He never imagined that his decision to donate sperm would weave him so deeply into the fabric of his friends’ lives. As a gay man who cherishes the queerness that surrounds him, he found himself honored and emotionally moved when his closest friend M and her wife asked him to help bring their child into the world. That baby girl, though not his, became a beacon of enduring love and connection—a symbol of chosen family and unwavering support.
Now, faced with a new request from another dear friend and their partner, he stands at the crossroads of generosity and personal boundaries. Their hope, inspired by his earlier act of kindness, stirs a powerful mix of emotions within him—pride, love, and the complex reality of what it means to give life without ever wanting his own. This is a story about the profound bonds forged not by biology alone, but by heart and soul.

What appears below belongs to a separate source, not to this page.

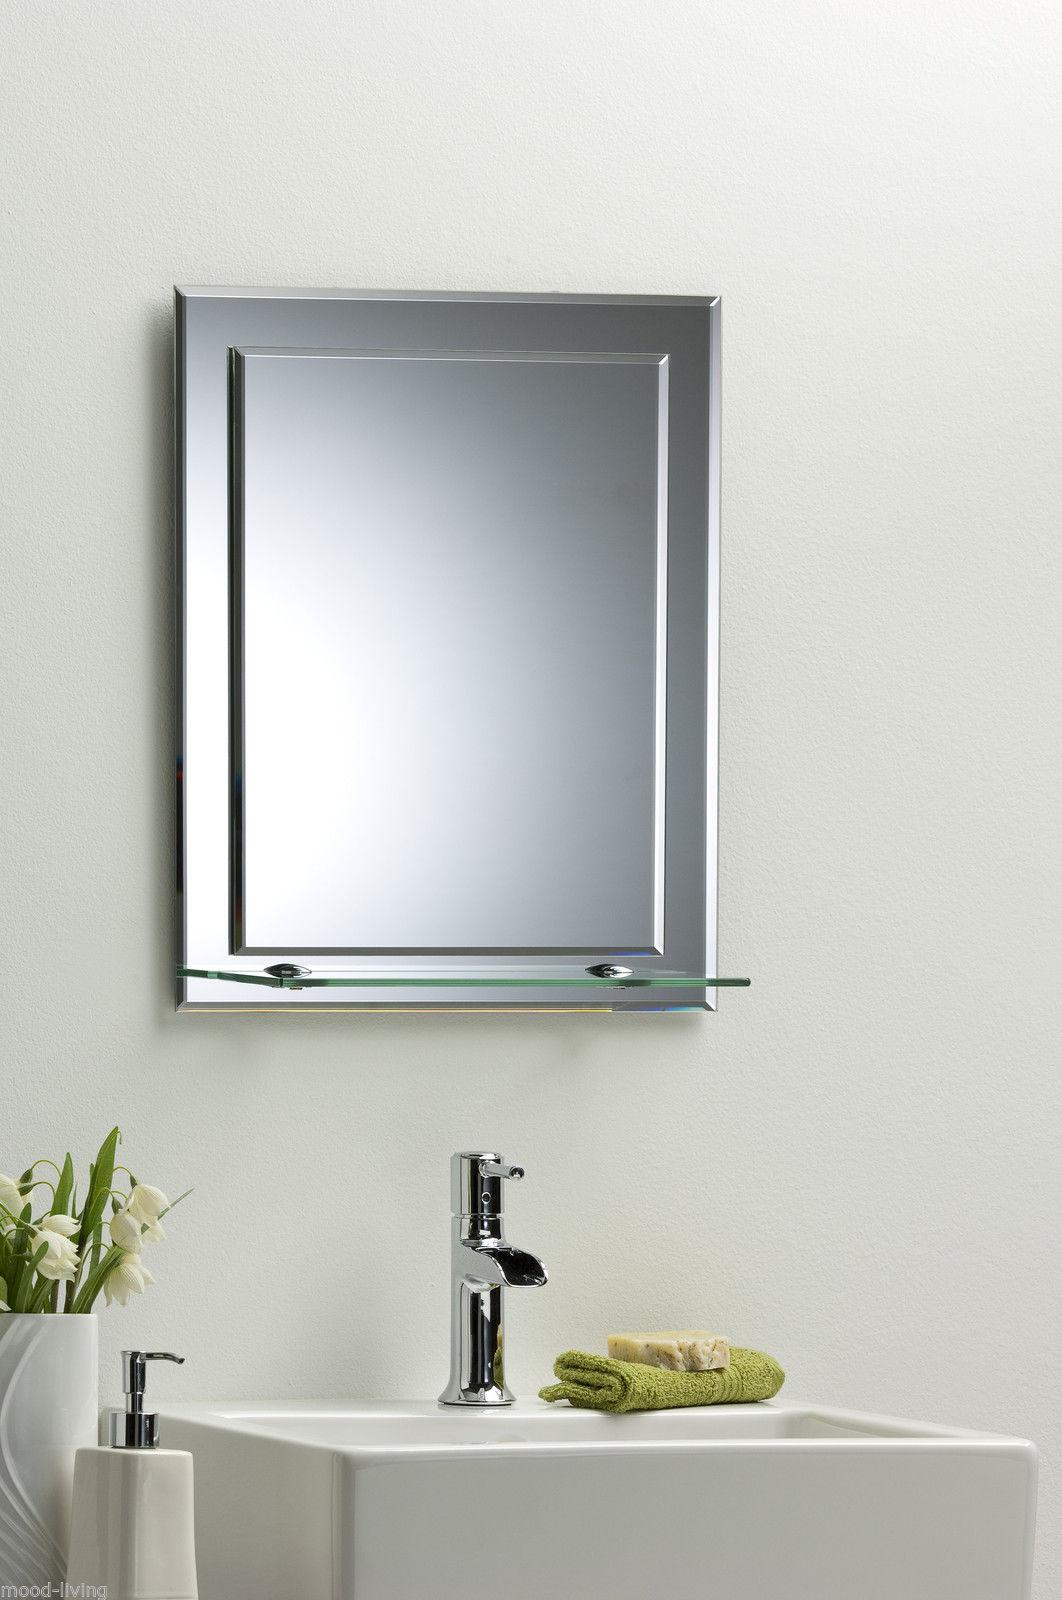 Bathroom mirror on mirror elegant rectangular with shelf - Silver bathroom mirror rectangular ...
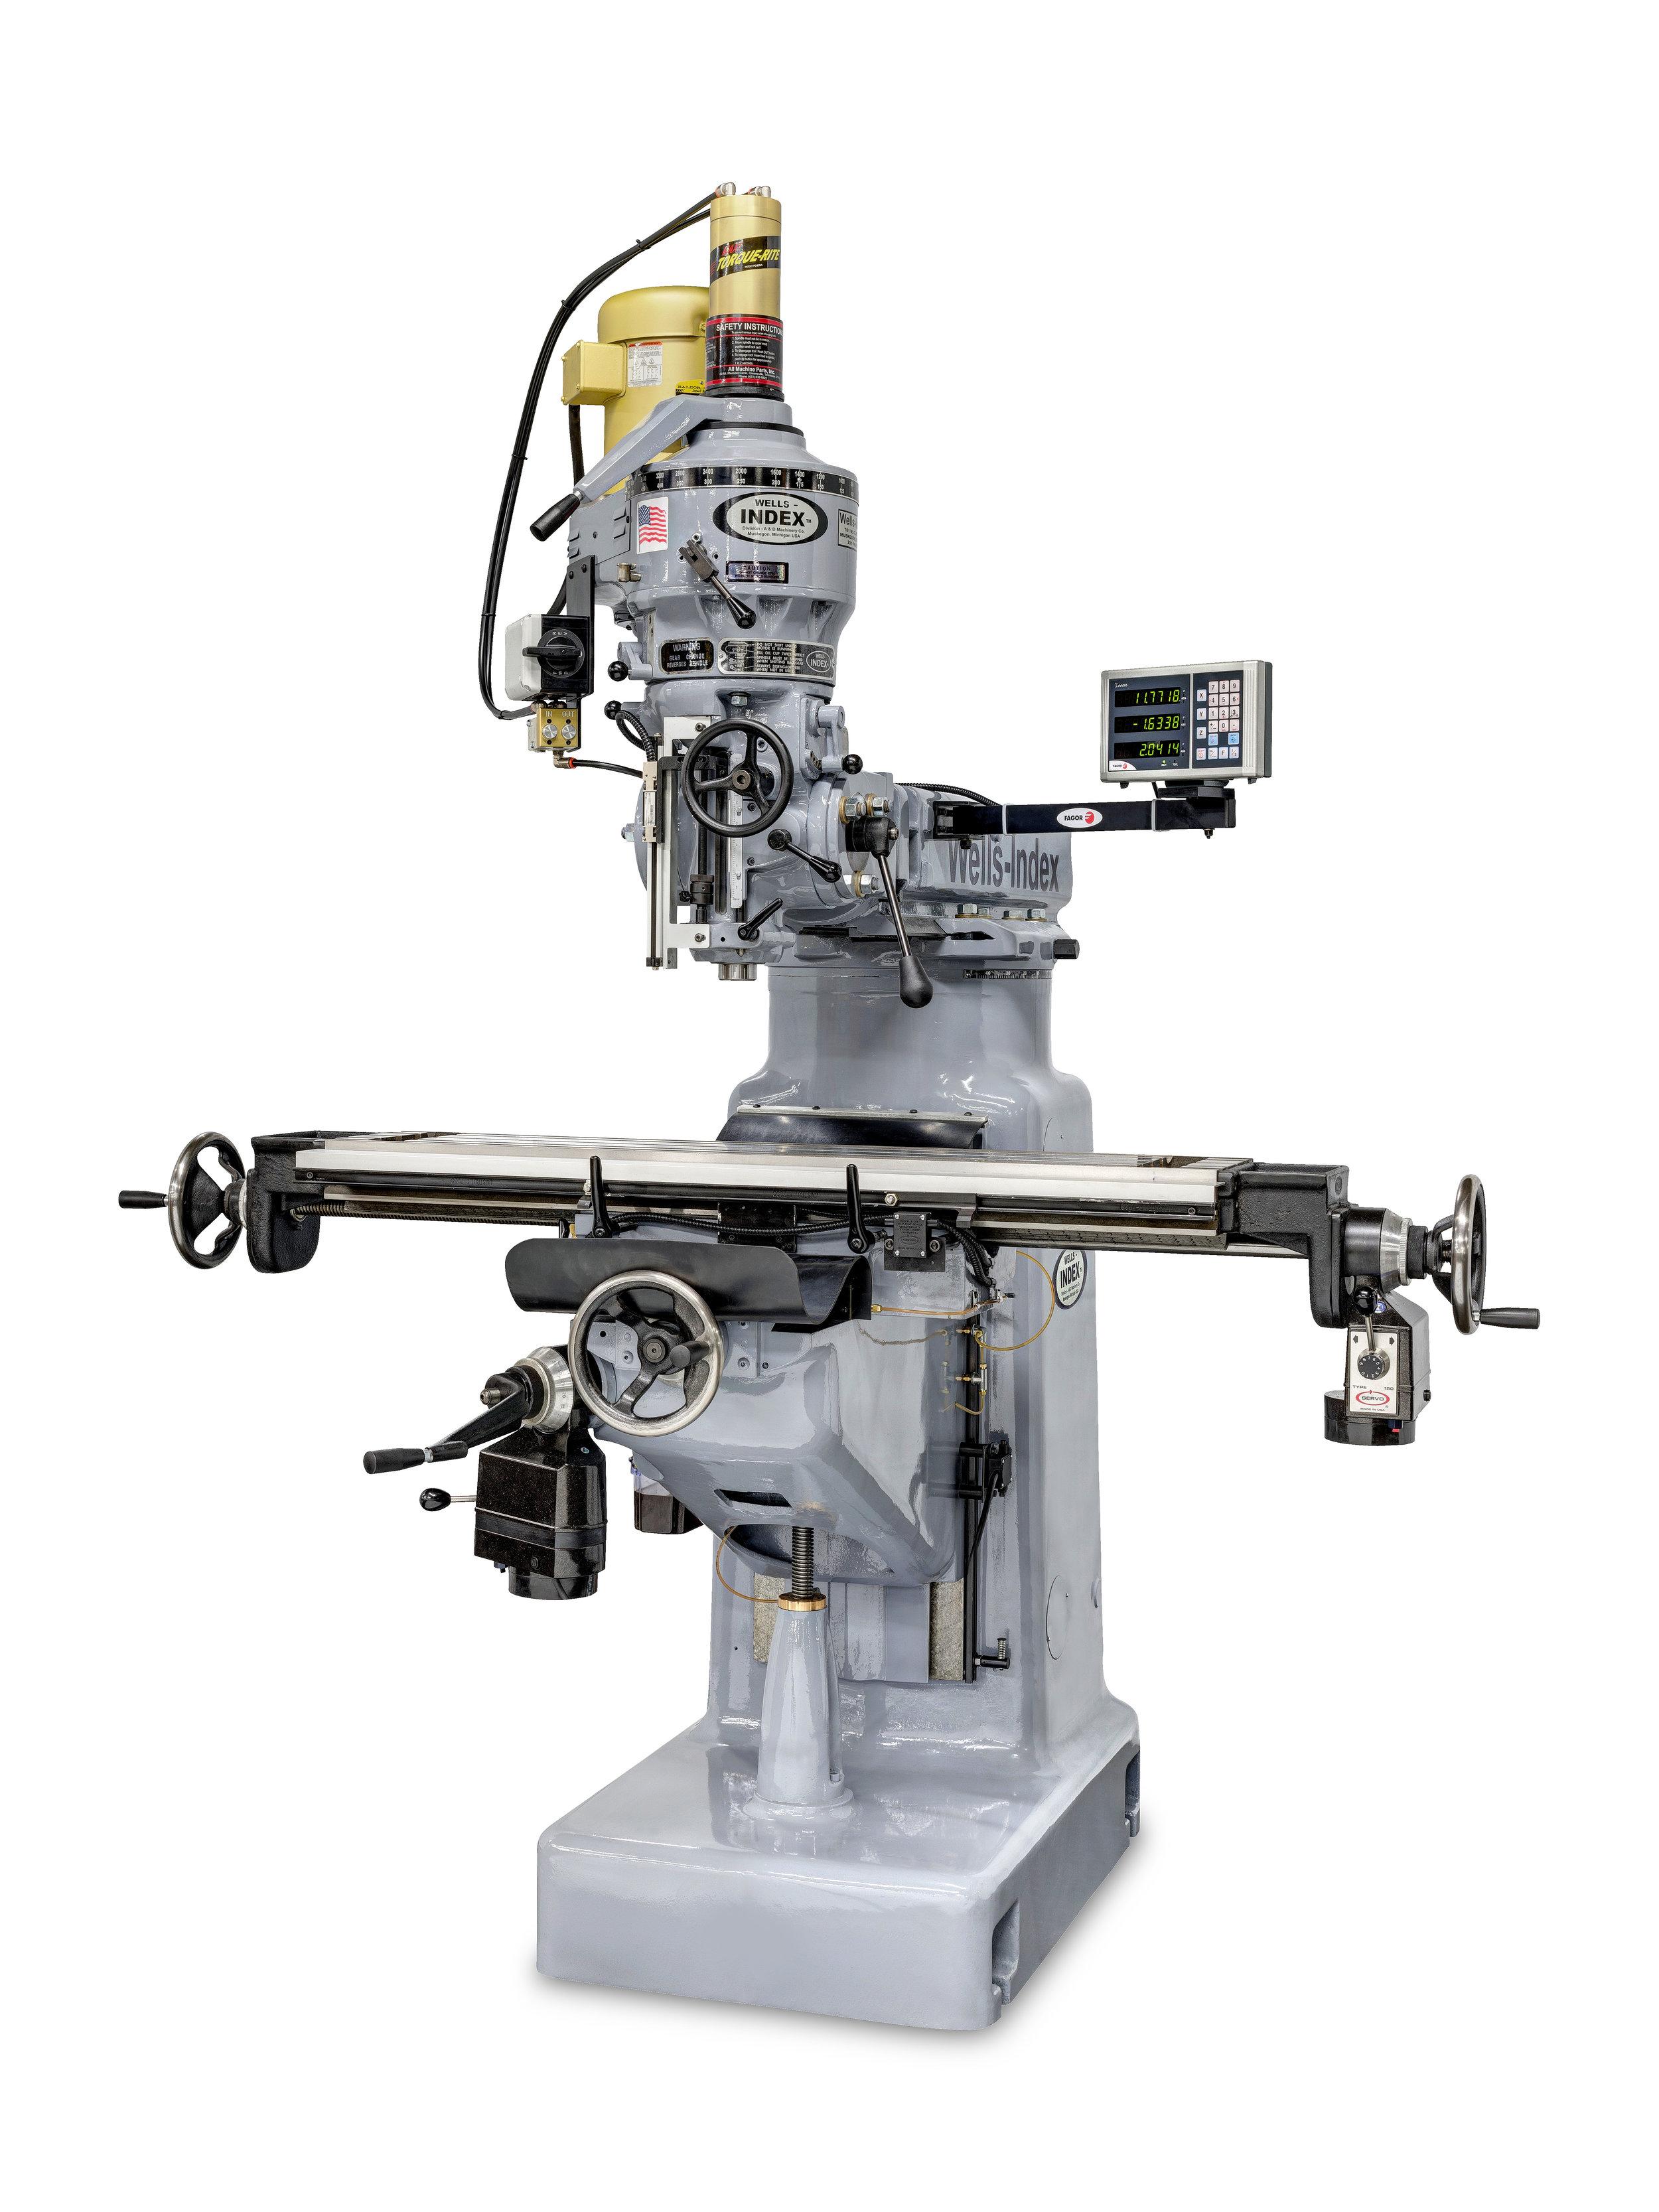 Wells-Index 847 Manual Milling Machine Blue Photon with power drawbar

AITA for donating sperm to one friend but not another?





















As renowned family law scholar and bioethics expert Dr. I. Glenn Cohen explains, “The law generally recognizes that donors retain autonomy over their reproductive choices, and that intention regarding parenthood—both for the donor and the recipient—is crucial in defining the relationship.”
The OP’s situation highlights a complex intersection of personal autonomy, social obligation, and the ethical implications of altruistic donation within close-knit communities. By agreeing to donate previously, the OP established an expectation, making the subsequent refusal based on judgmental criteria particularly impactful. The friends (J and partner) feel that the OP is imposing a standard of ‘worthiness’ onto queer reproductive journeys that is not applied to heterosexual couples, which touches upon issues of equity in accessing family formation. However, the OP is acting within their rights; an agreement to donate is a personal choice, not a guaranteed service. The OP’s motivation appears rooted in safeguarding the potential well-being of a future child, an act that stems from care, albeit expressed poorly.
The OP’s execution of the refusal was the primary issue, not the refusal itself. To handle similar situations more effectively, the OP should establish clear, non-negotiable criteria for donation upfront with all parties, focusing on the commitment to the *process* rather than judging the *outcome* of the recipients’ relationship. If criteria must change, future refusals should emphasize maintaining personal ethical boundaries over critiquing the recipient’s perceived lack of readiness, thereby protecting both the donation relationship and the friendship foundation.
THE COMMENTS SECTION WENT WILD – REDDIT HAD *A LOT* TO SAY ABOUT THIS ONE.













































The original poster (OP) is grappling with a conflict between their stated openness to sperm donation for loved ones and their personal judgment regarding the readiness of one specific couple (J and their partner) to parent. While the OP felt honored by the request, their decision to decline, based on concerns about the friends’ relationship instability, caused significant offense and tension within their social circle.
Given that the OP has already established a pattern of willingness to donate to other trusted queer friends, the central question becomes: Does a person who volunteers to be a known donor retain the right to exercise personal judgment regarding the stability and fitness of the intended parents, even when exercising that judgment causes deep hurt and social backlash?